(Stored dataset items)
__________

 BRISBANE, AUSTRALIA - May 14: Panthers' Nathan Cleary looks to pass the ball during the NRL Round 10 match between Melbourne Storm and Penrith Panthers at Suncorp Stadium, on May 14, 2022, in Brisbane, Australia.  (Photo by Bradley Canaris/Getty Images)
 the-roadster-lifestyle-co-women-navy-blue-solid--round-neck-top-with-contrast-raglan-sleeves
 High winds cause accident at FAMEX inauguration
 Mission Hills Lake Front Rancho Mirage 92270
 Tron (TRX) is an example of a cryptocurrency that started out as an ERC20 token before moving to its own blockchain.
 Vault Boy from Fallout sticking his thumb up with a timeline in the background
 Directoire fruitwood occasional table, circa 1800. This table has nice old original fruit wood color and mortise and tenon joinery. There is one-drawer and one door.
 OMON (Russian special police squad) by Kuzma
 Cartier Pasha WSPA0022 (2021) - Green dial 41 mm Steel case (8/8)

__________

WORK INSTRUCTIONS – Output the records above in full, with nothing altered.

SOLUTION –
 BRISBANE, AUSTRALIA - May 14: Panthers' Nathan Cleary looks to pass the ball during the NRL Round 10 match between Melbourne Storm and Penrith Panthers at Suncorp Stadium, on May 14, 2022, in Brisbane, Australia.  (Photo by Bradley Canaris/Getty Images)
 the-roadster-lifestyle-co-women-navy-blue-solid--round-neck-top-with-contrast-raglan-sleeves
 High winds cause accident at FAMEX inauguration
 Mission Hills Lake Front Rancho Mirage 92270
 Tron (TRX) is an example of a cryptocurrency that started out as an ERC20 token before moving to its own blockchain.
 Vault Boy from Fallout sticking his thumb up with a timeline in the background
 Directoire fruitwood occasional table, circa 1800. This table has nice old original fruit wood color and mortise and tenon joinery. There is one-drawer and one door.
 OMON (Russian special police squad) by Kuzma
 Cartier Pasha WSPA0022 (2021) - Green dial 41 mm Steel case (8/8)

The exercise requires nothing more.